Нам нужно теперь дать правильную оценку и моменту «смысла в бессмыслице», которому авторы придают такое важное значение для характеристики остроумия и для объяснения доставляемого им удовольствия. Два твердо установленных пункта в условности остроумия, его тенденция добиваться исполненной удовольствия игры и его стремление оградить ее от критики разума, объясняют исчерпывающим образом, почему отдельная острота, кажущаяся с одной точки зрения бессмысленной, с другой точки зрения считается глубокомысленной или, по крайней мере, приемлемой. Как острота выполняет эти условия — это уже дело работы остроумия; там, где это ей не удается, острота отбрасывается как бессмыслица. Но для нас необязательно считать удовольствие от остроумия производным антагонизма чувств, вытекающих из смысла и одновременной бессмысленности остроты, будь то непосредственно или путем «смущения от непонимания и внезапного уяснения». Точно так же для нас не существует необходимости подойти ближе к вопросу, каким образом может вытекать удовольствие из смены оценки бессмыслицы оценкой осмысленности. Психогенез остроумия научил нас тому, что удовольствие от остроты вытекает из игры словами или из раскрепощения бессмыслицы, а смысл остроты предназначен только для того, чтобы защитить это удовольствие от упразднения его критикой.

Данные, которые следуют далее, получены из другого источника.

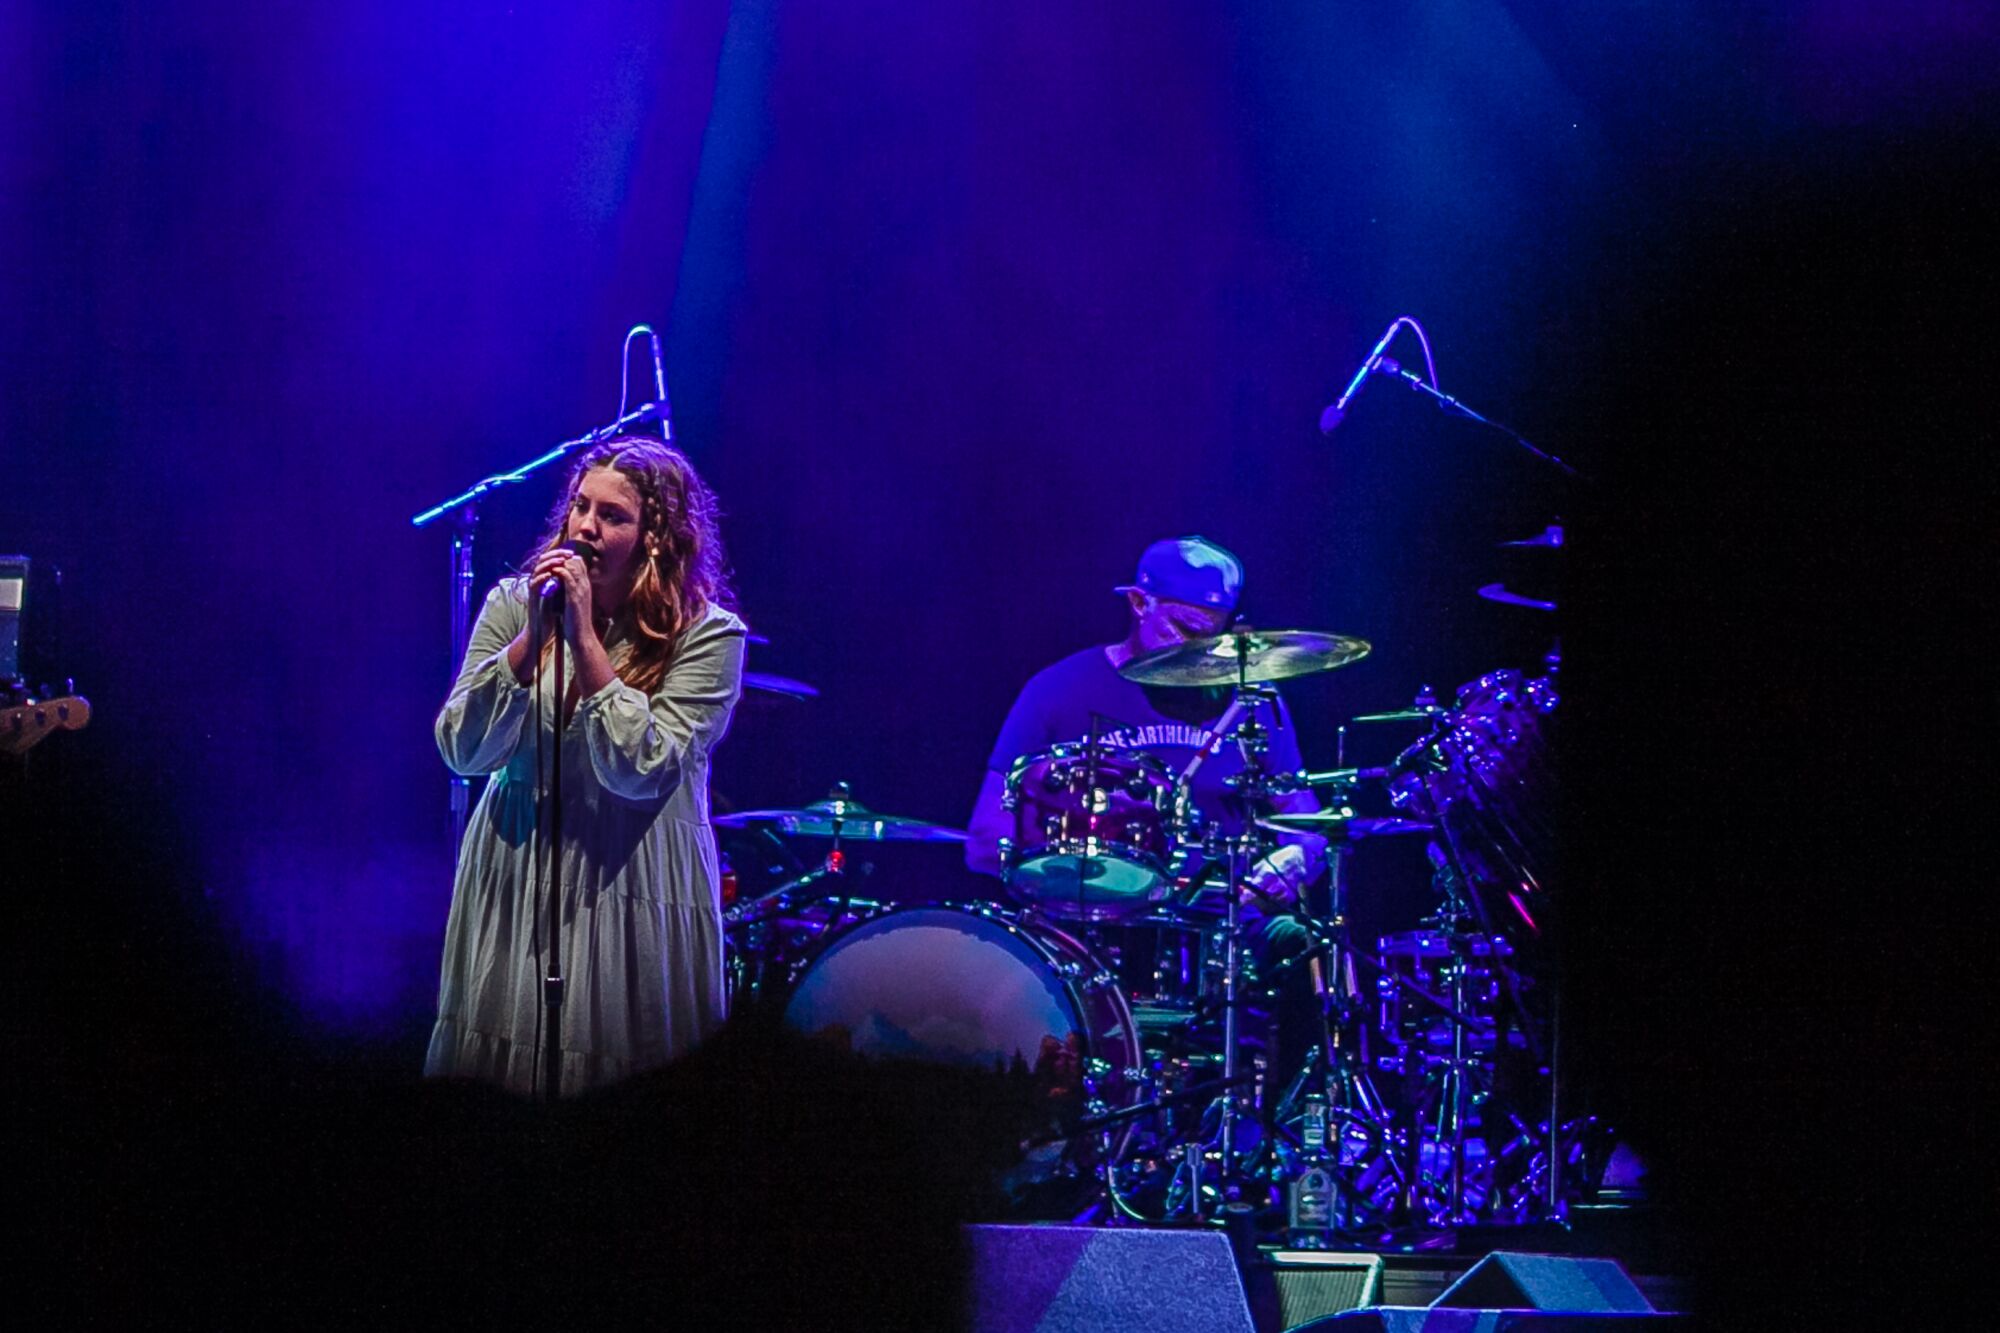 Singer Olivia Vedder performs on stage at the Ohana Festival on September 25, 2021 in Dana Point, California.
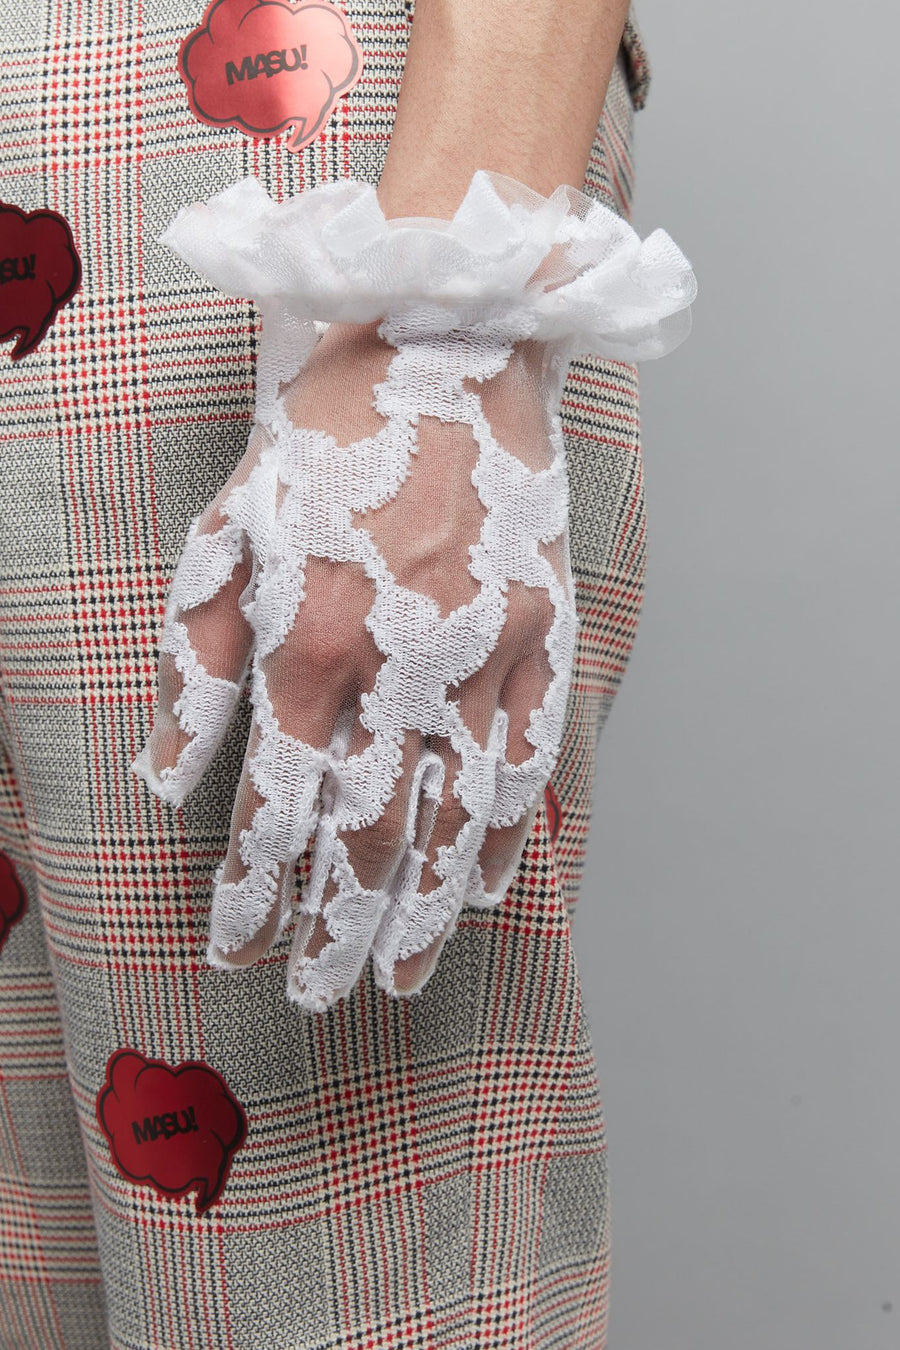 Masu's Angel Lace Glove White Mail Order | Palette Art Alive

Такой путь уже на исследовании шутки выясняет проблему сущности характера остроумия. Мы должны обратиться к дальнейшему развитию шутки до ее апогея — тенденциозной остроте. Уже шутка выдвигает на первый план получение нами удовольствия и удовлетворяется тем, что способ ее выражения не кажется нам бессмысленным или лишенным всякого содержания. Когда этот способ сам по себе содержателен и ценен, тогда шутка превращается в остроту. Мысль, которая заслужила бы наше внимание, будучи выраженной в самой простой форме, облекается теперь в такую форму, которая сама по себе может вызвать у нас удовольствие[59]. Конечно, такое соединение формы и содержания осуществляется не без цели. Мы должны так думать и постараемся найти цель, лежащую в основе этого образования остроты. Одно наблюдение, сделанное прежде в качестве предварительного, наводит нас на след. Мы выше отмечали, что удачная острота производит на нас совокупное впечатление приятного, без того чтобы мы различали, какая часть удовольствия проистекает из остроумной формы, а какая — из меткого содержания мысли.
Мы всегда обманываемся относительно этого подразделения. Мы то переоцениваем качество остроты, удивляясь содержащейся в ней мысли; то, наоборот, переоцениваем ценность мысли из-за удовольствия, доставляемого нам остроумной оболочкой. Мы не знаем, что доставляет нам удовольствие, по поводу чего мы смеемся. Эта предполагаемая неуверенность нашего мышления может дать нам повод к образованию остроты в собственном смысле. Мысль ищет остроумную оболочку, так как благодаря ей она обращает на себя наше внимание, может показаться нам более значительной, более ценной; но прежде всего потому, что эта оболочка подкупает и запутывает нашу критику. Мы склонны приписать самой мысли то, что понравилось нам в остроумной форме. Кроме того, мы не имеем больше желания искать неправильное в том, что доставило нам удовольствие, боясь закрыть себе таким образом источник удовольствия. Если острота вызвала у нас смех, то в нас еще создается неблагоприятное для критики предрасположение, так как мы приходим тогда, с некоторой точки зрения, в такое настроение, в каком еще способны удовлетворяться игрой и изменить которое остроумие старалось всеми средствами. Хотя мы прежде установили, что такую остроту нужно назвать безобидной или нетенденциозной, однако мы не можем не признать, что только шутка лишена тенденций, то есть служит только одной цели — доставлять удовольствие. Острота, собственно, никогда не бывает лишена тенденции, даже если содержащаяся в ней мысль сама по себе не тенденциозна и служит, таким образом, теоретическому интересу мышления. Она преследует другую цель: преувеличение мысли, для того чтобы она не осталась незамеченной, и ограждение ее от критики. Она проявляет здесь опять-таки свою первоначальную природу, противопоставляя себя задерживающей и ограничивающей силе, в данном случае — критическому суждению.